# Path

For players:
* Find player names that are not already in the database
* Try to match names across data sources using fuzzy matching
* For any that do not match, manually fix names

For clubs:
* Find club names that are not already in the database
* Manually match club names and add correct ids
    * Time could be saved with fuzzy matching

In [32]:
import numpy as np
import pandas as pd

futbin = pd.read_csv("csv files/futbin_2020.csv")
ustat = pd.read_csv("csv files/ustat_2020.csv")

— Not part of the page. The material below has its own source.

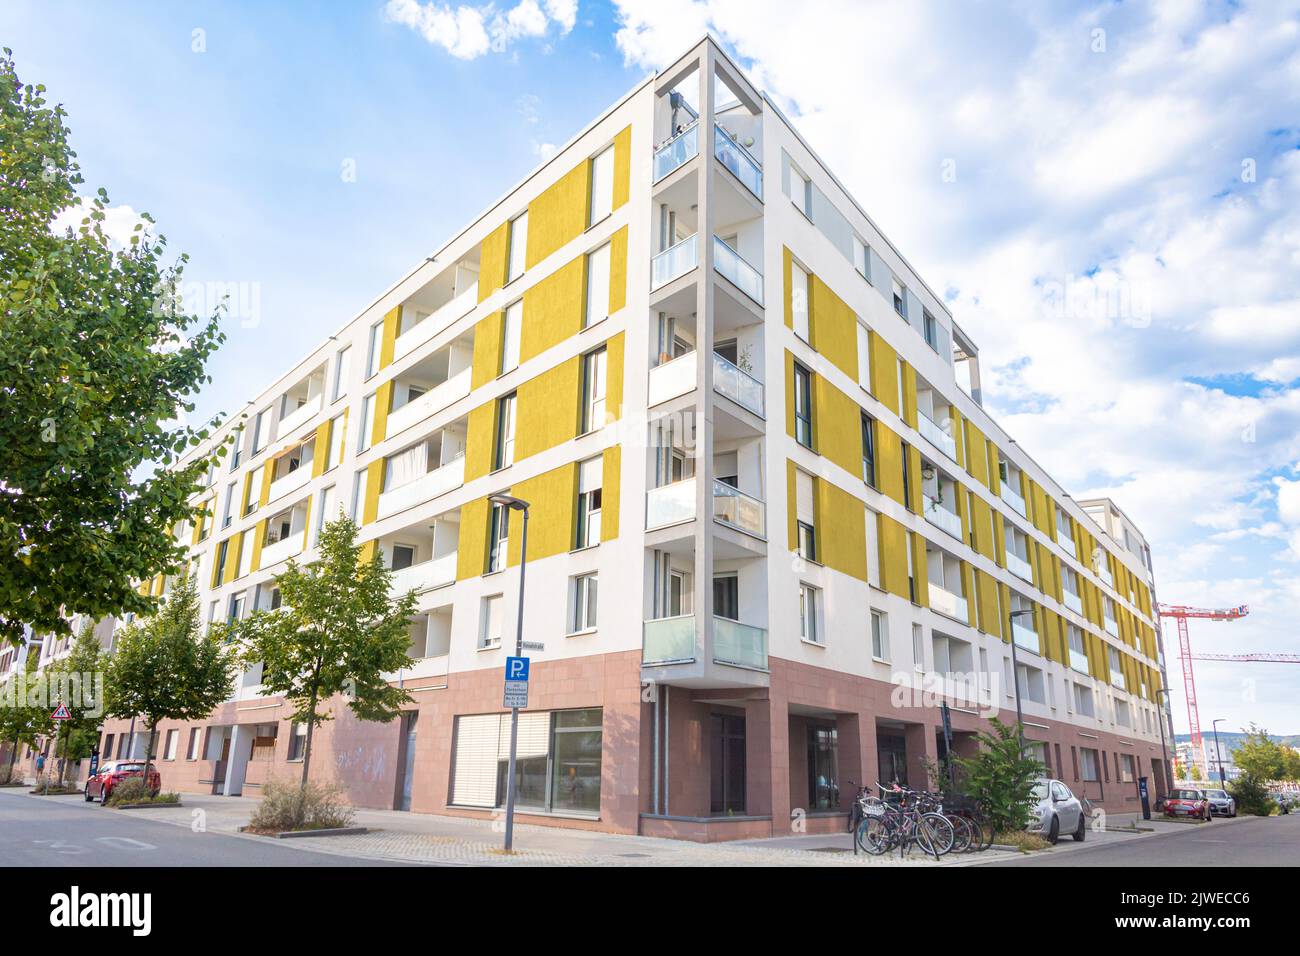 Heidelberg, Germany: September 12, 2022: Living environment with modern housing in the Bahnstadt, a Passive house development area in Heidelberg, Germ Stock Photo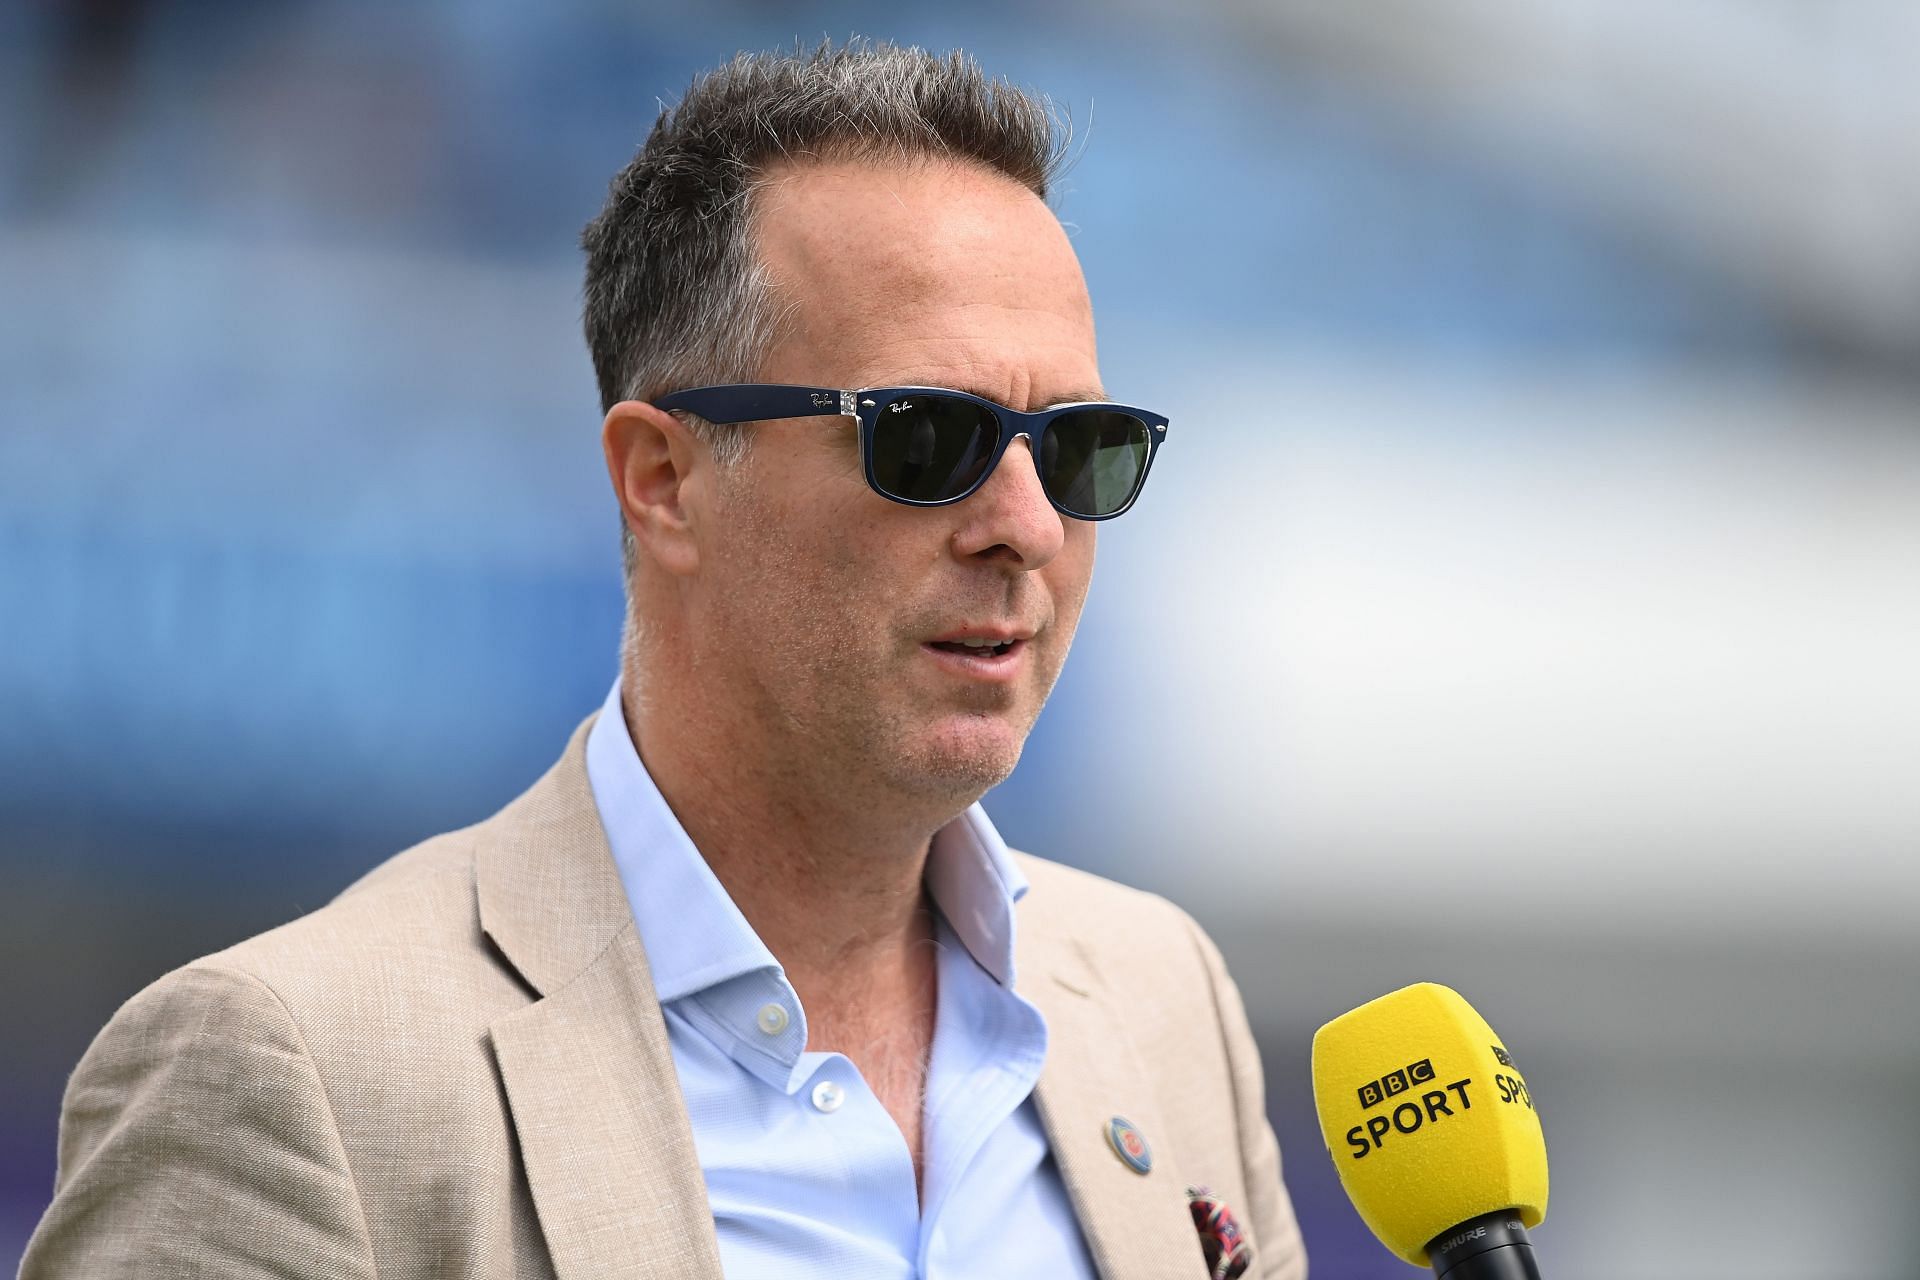 Michael Vaughan is unimpressed with Zak Crawley. (Image Credits: Getty)

fix_club_ids = pd.read_csv("data repair csvs/fix_club_ids.csv")
fix_name_ids = pd.read_csv("data repair csvs/fix_name_ids.csv")

In [33]:
futbin = futbin.rename(columns={"name": "player_name", "club": "team_title"})

In [34]:
ustat.team_title = ustat.team_title.str.split(',')
ustat = ustat.explode('team_title').reset_index(drop=True)

## Match players to id
* Valid from FIFA 23 -> FIFA 22

In [18]:
# Remove players that have multiple FIFA cards in a given year (i.e. transfers or upgrades/downgrades)
futbin = futbin.drop_duplicates(subset=['player_name']).reset_index()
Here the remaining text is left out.